> _TASK INPUTS_:
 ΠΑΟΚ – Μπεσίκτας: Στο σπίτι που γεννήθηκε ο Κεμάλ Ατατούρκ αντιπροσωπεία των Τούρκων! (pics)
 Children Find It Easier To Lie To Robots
* * *
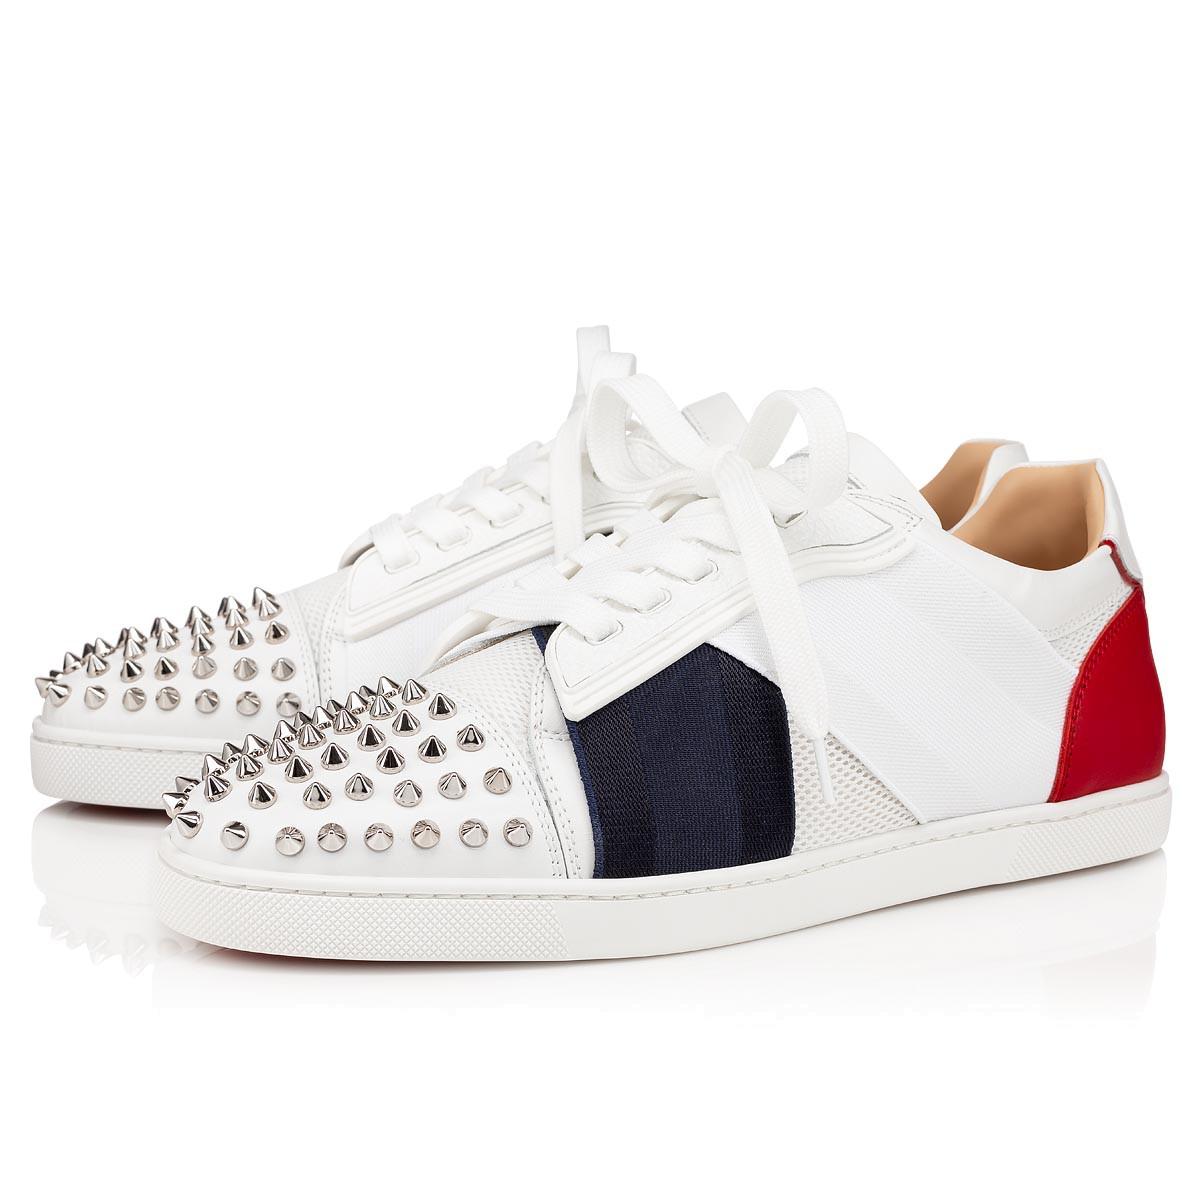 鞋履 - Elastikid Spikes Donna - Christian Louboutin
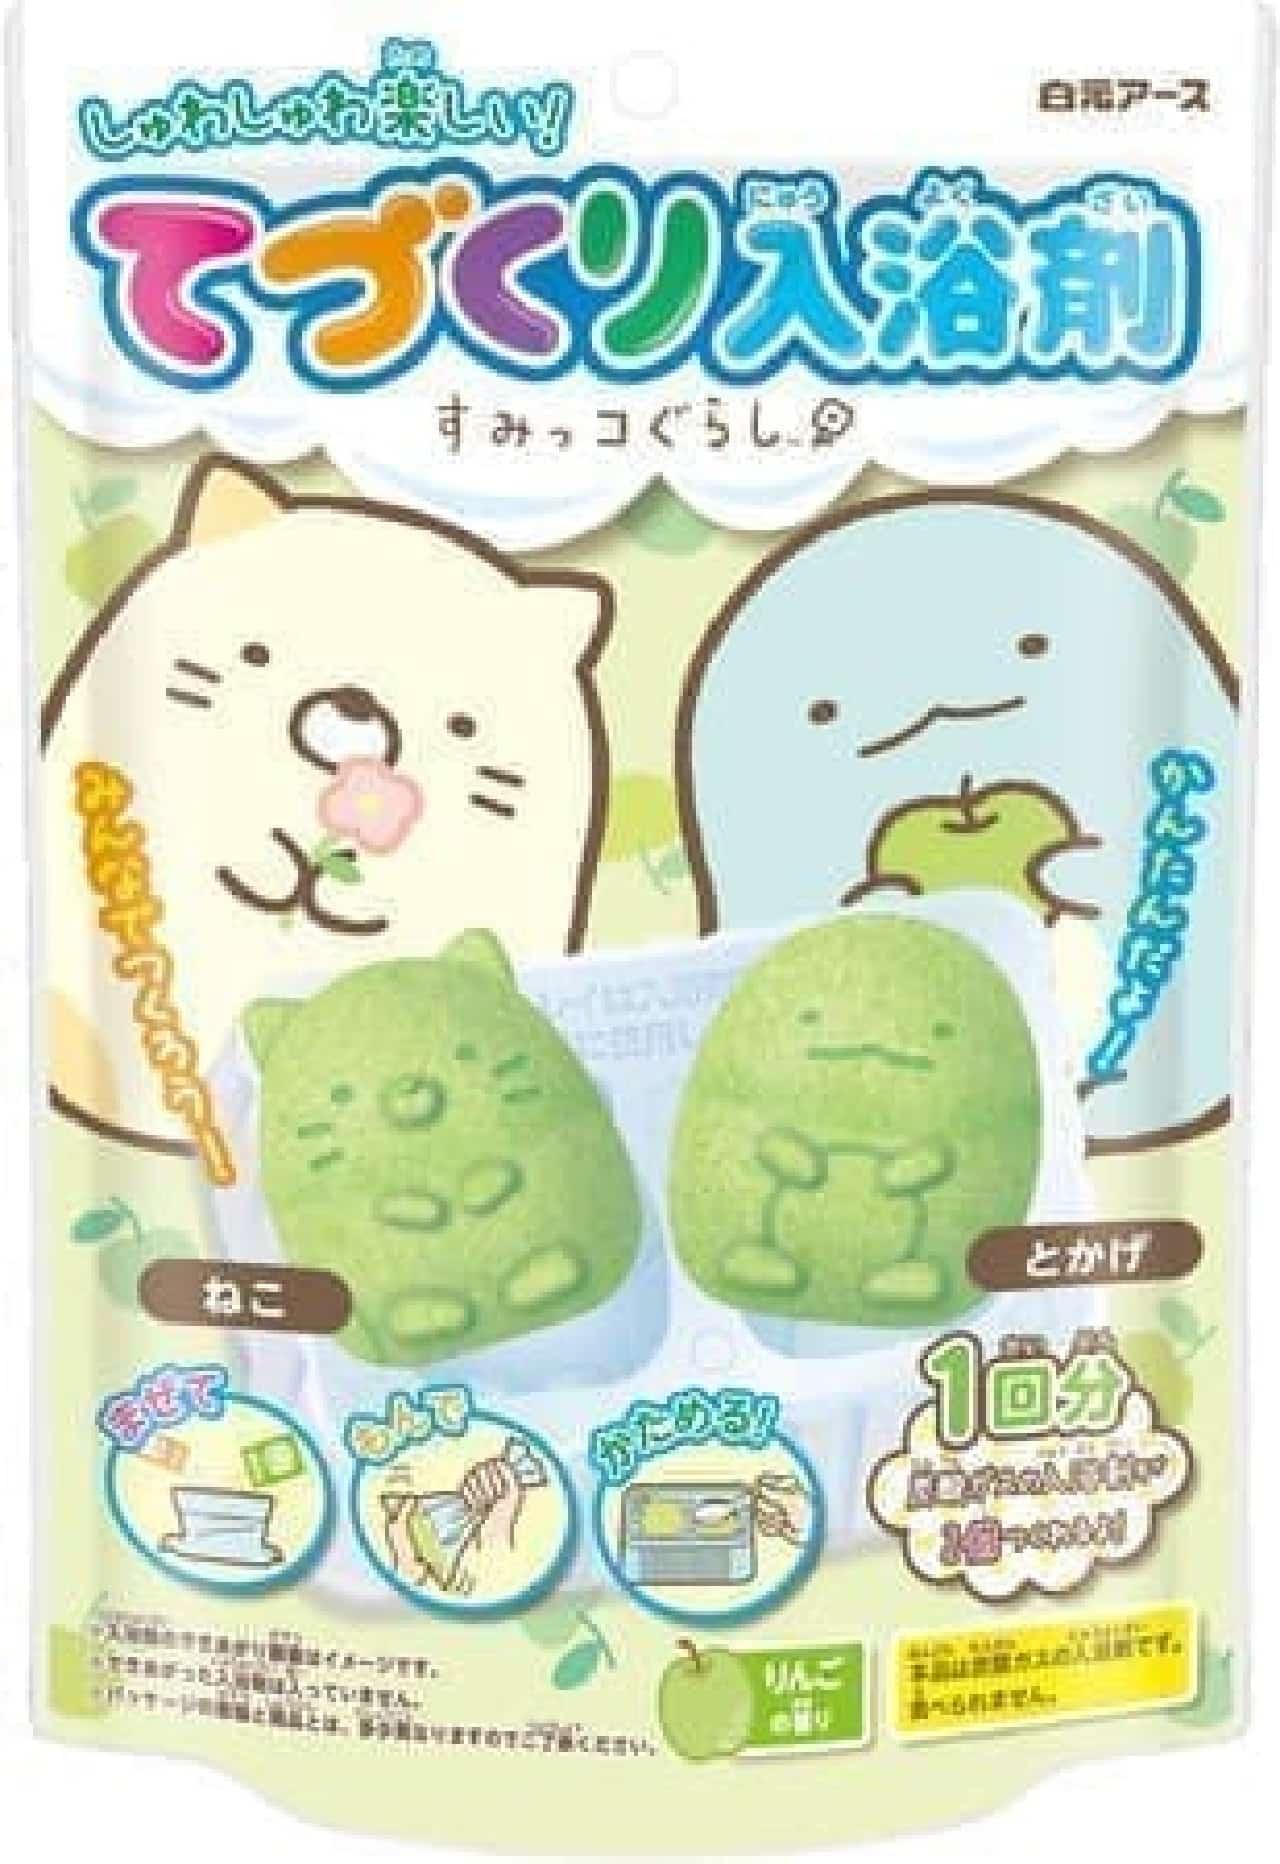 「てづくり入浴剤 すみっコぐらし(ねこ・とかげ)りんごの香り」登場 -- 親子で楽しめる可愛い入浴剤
--
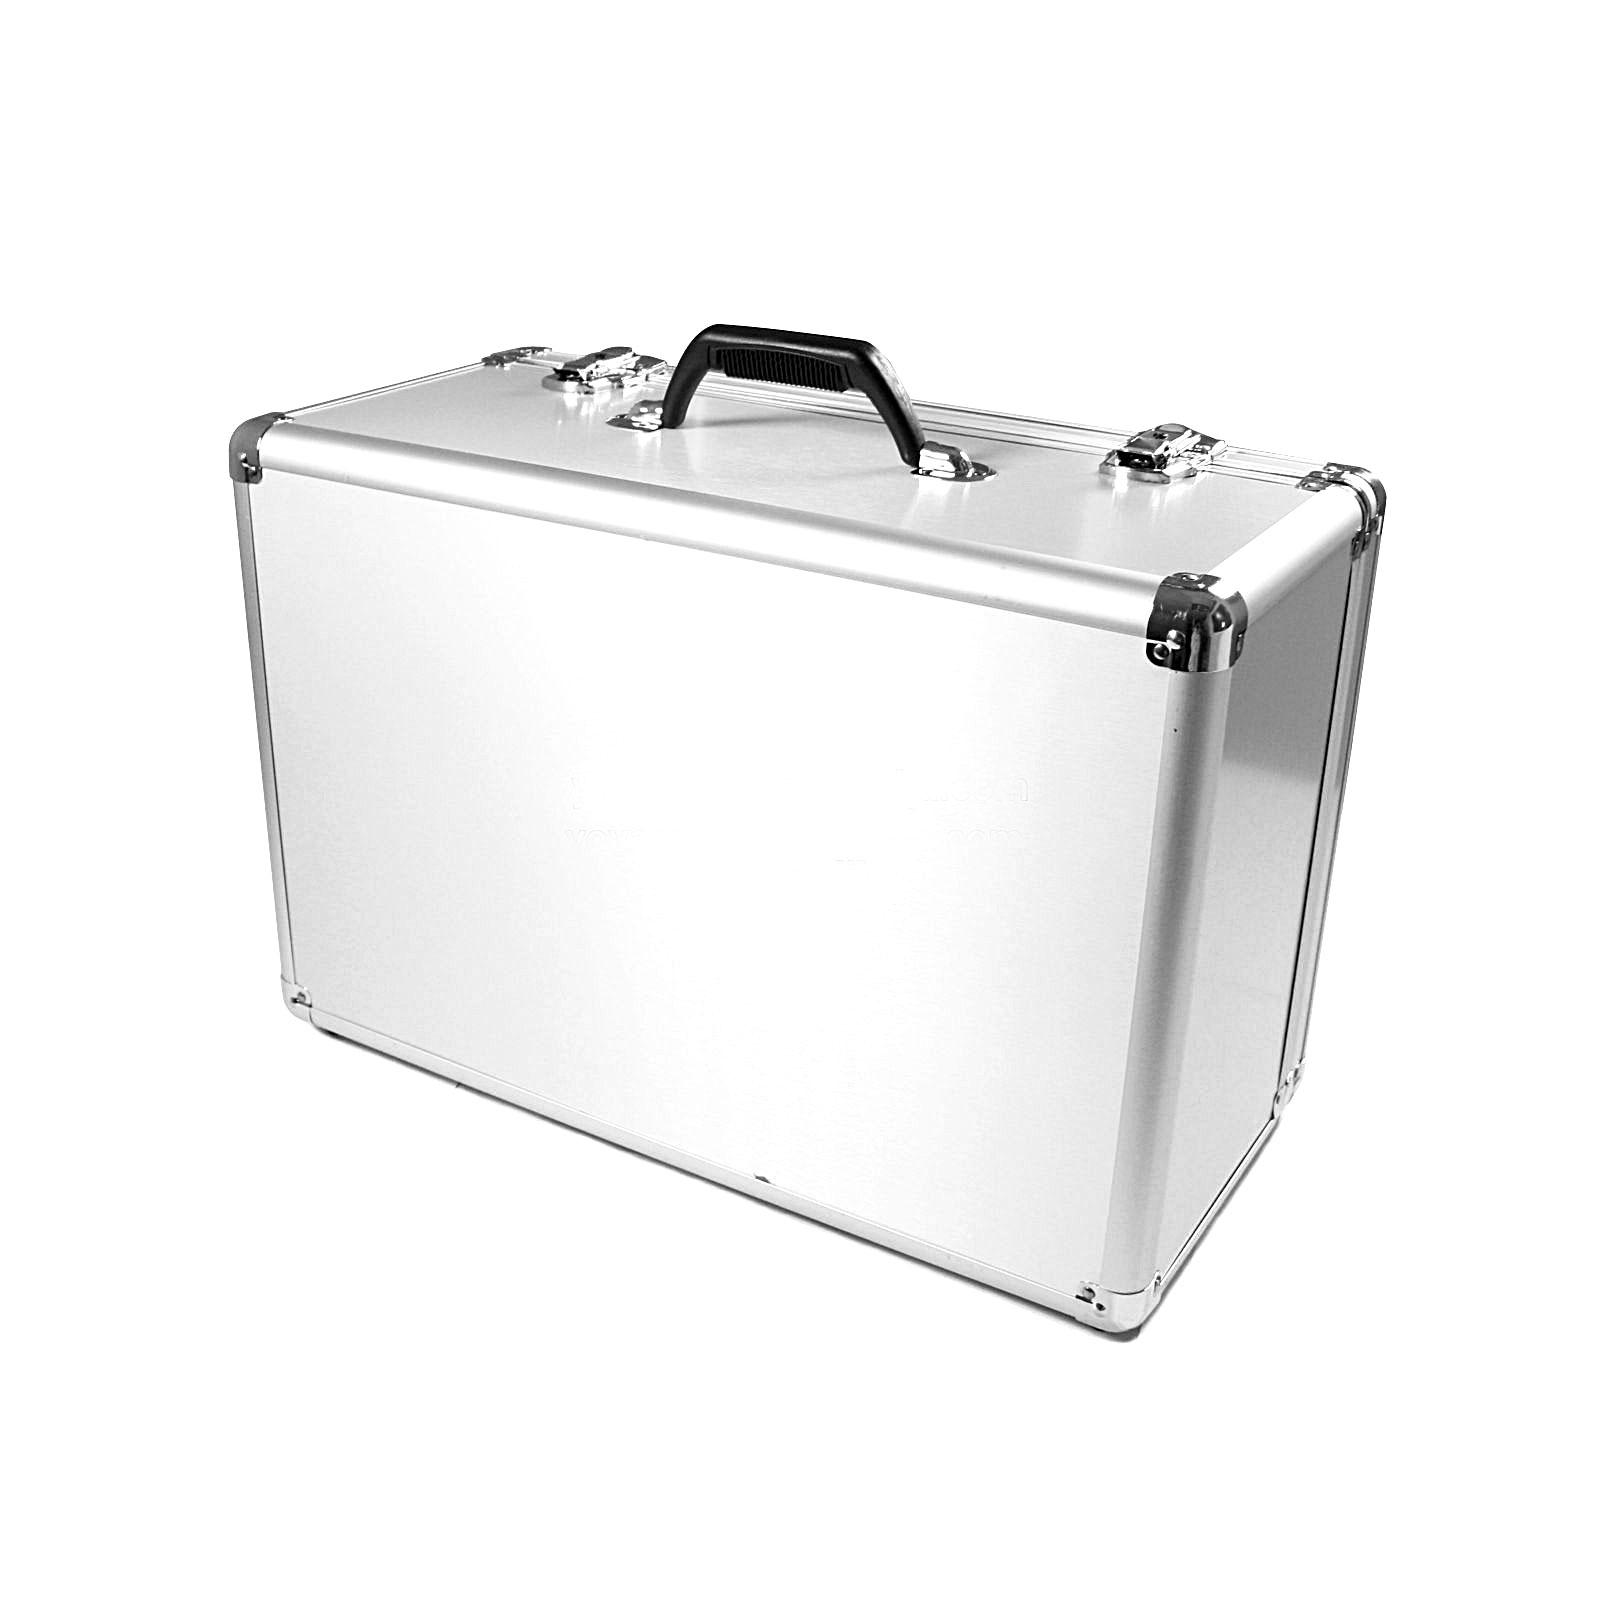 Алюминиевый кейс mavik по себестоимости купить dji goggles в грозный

> _TASK STATEMENT_:
Proceeding from the line containing "ΠΑΟΚ – Μπεσίκτας: Στο" through the line containing "Children Find It Easier To Lie To Robots", transcribe the lines above exactly, both end lines included.

> _OUTPUT FOR THIS TASK_:
 ΠΑΟΚ – Μπεσίκτας: Στο σπίτι που γεννήθηκε ο Κεμάλ Ατατούρκ αντιπροσωπεία των Τούρκων! (pics)
 Children Find It Easier To Lie To Robots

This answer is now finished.